Top of Source material
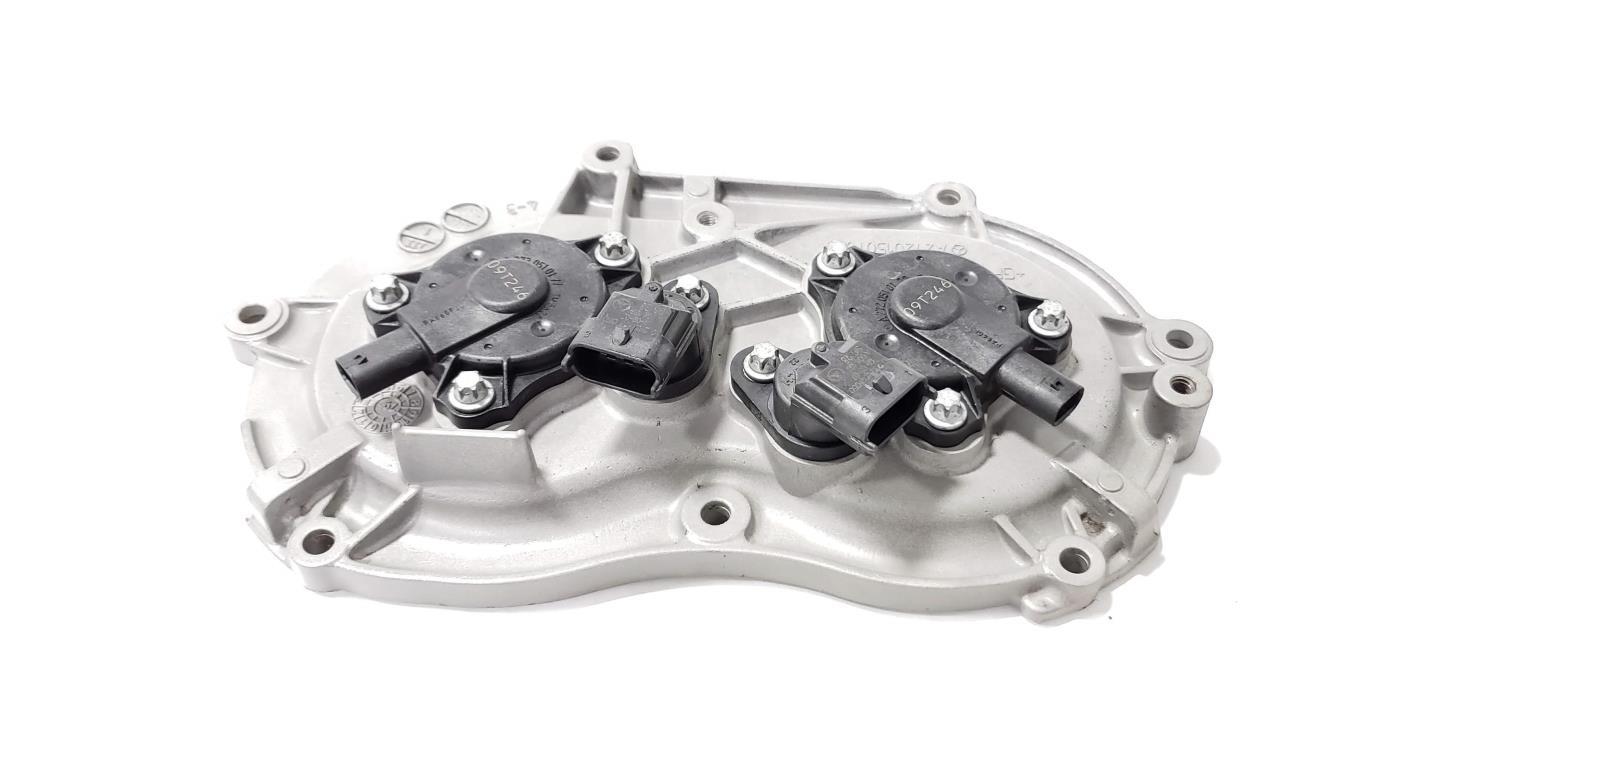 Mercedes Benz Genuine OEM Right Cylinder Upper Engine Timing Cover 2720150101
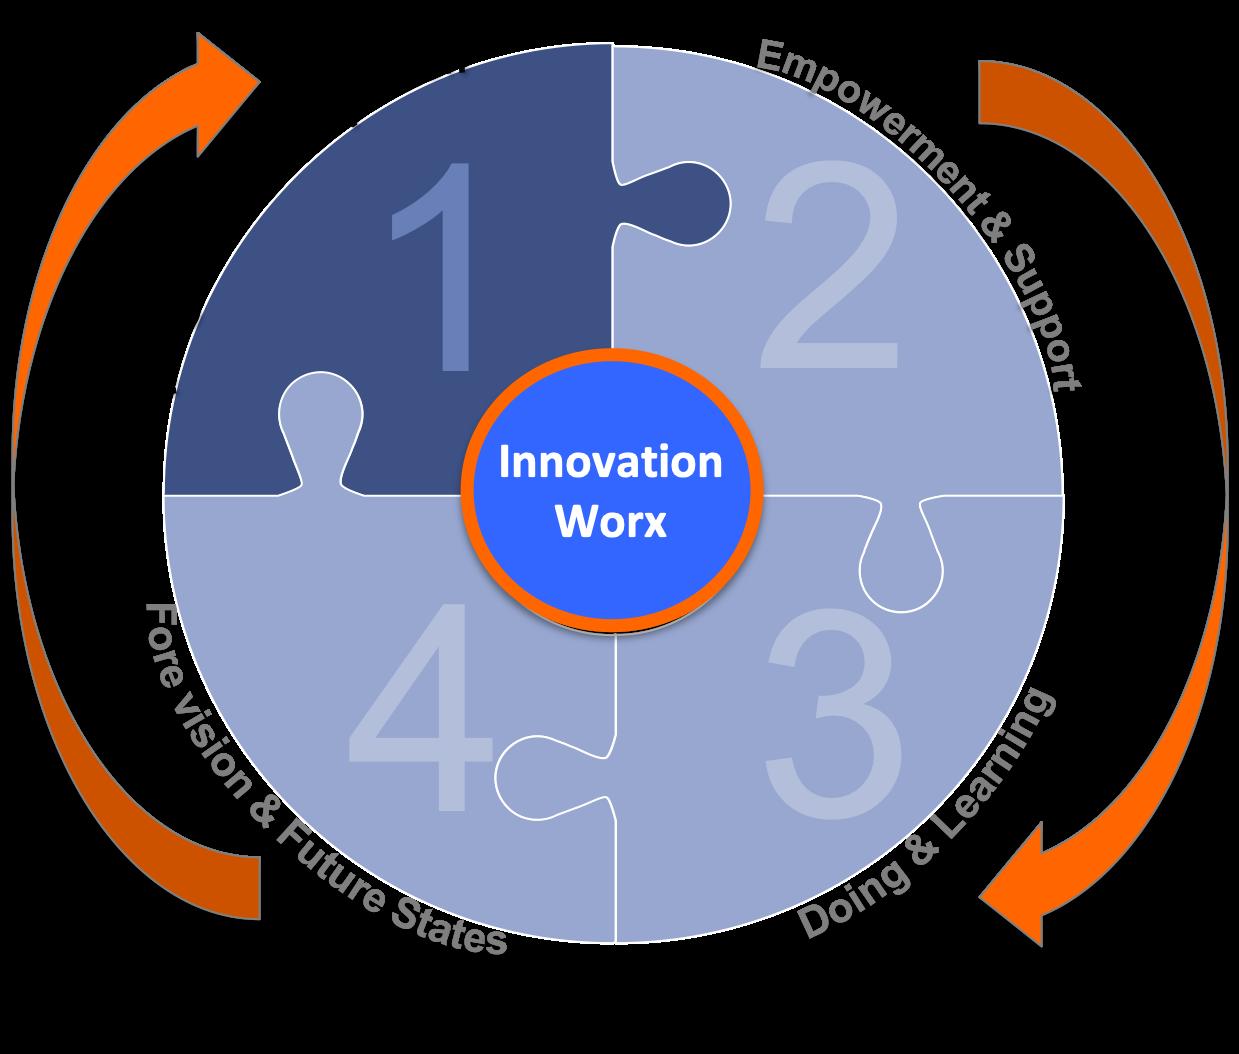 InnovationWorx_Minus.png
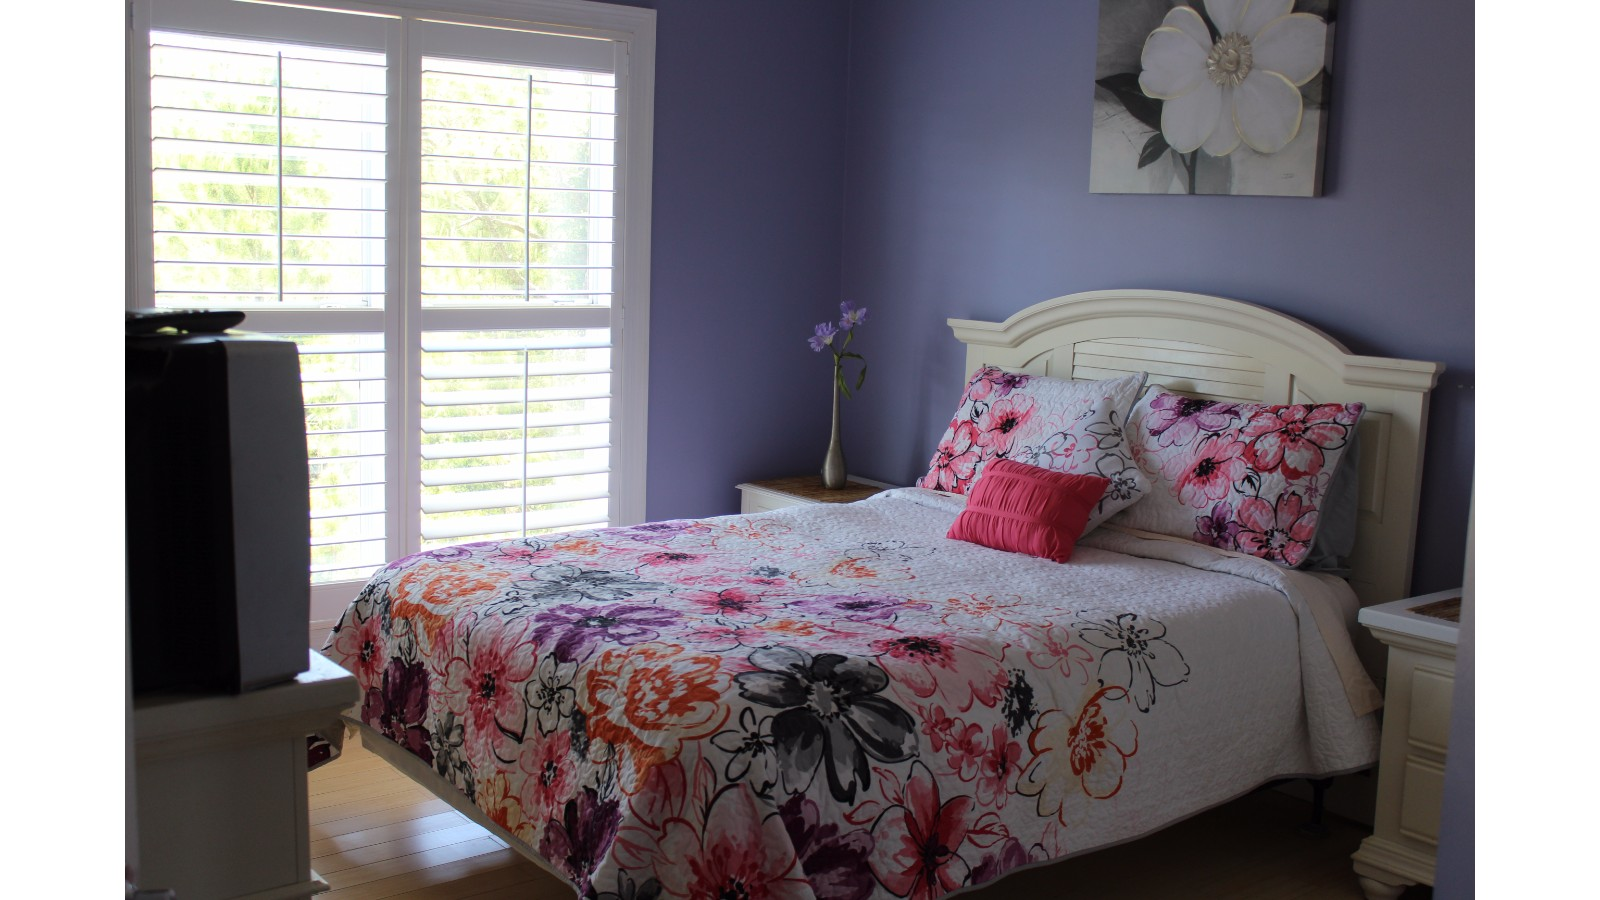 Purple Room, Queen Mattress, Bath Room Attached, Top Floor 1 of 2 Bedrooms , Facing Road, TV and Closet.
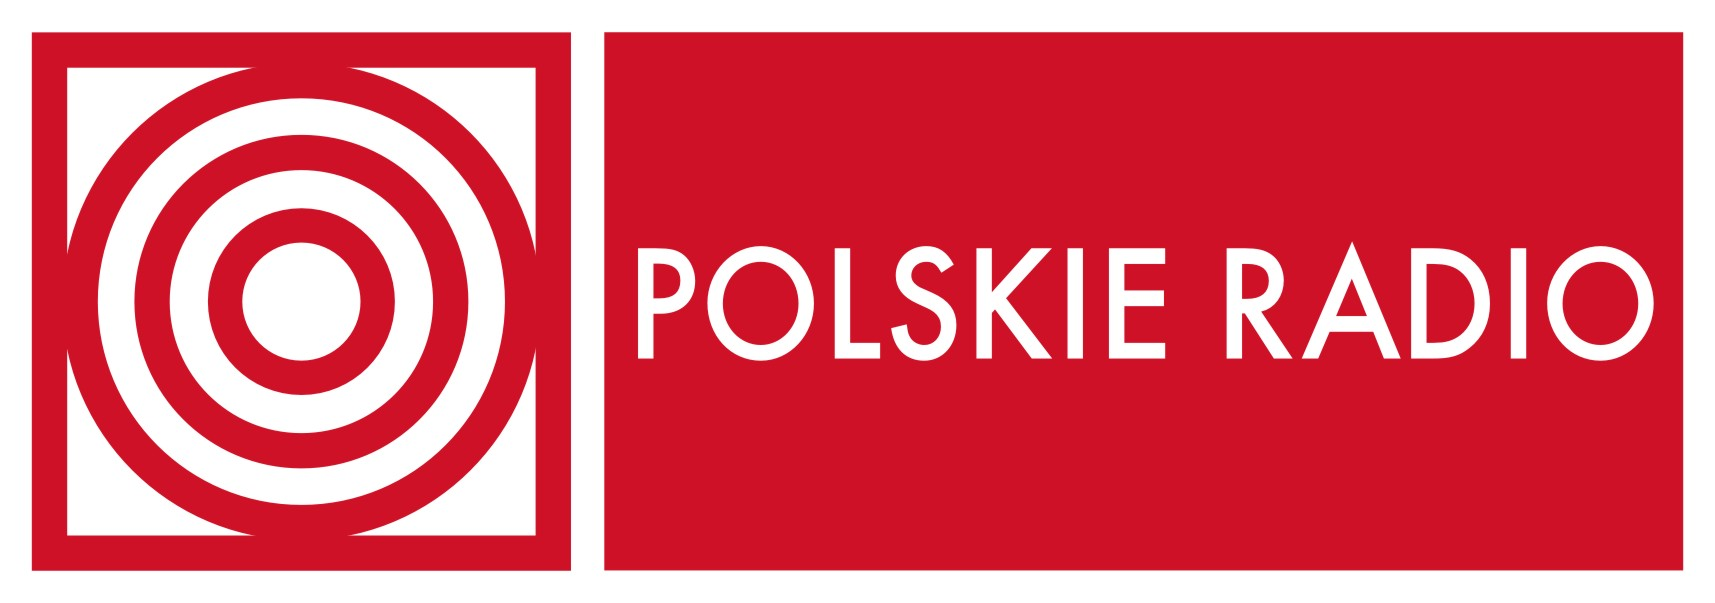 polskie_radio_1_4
Bottom of Source material
Once the line with "Purple Room, Queen" is found, output it and every line after it through the end of the listing, exactly, without pictures.

* _Answer area_
 Purple Room, Queen Mattress, Bath Room Attached, Top Floor 1 of 2 Bedrooms , Facing Road, TV and Closet.
 polskie_radio_1_4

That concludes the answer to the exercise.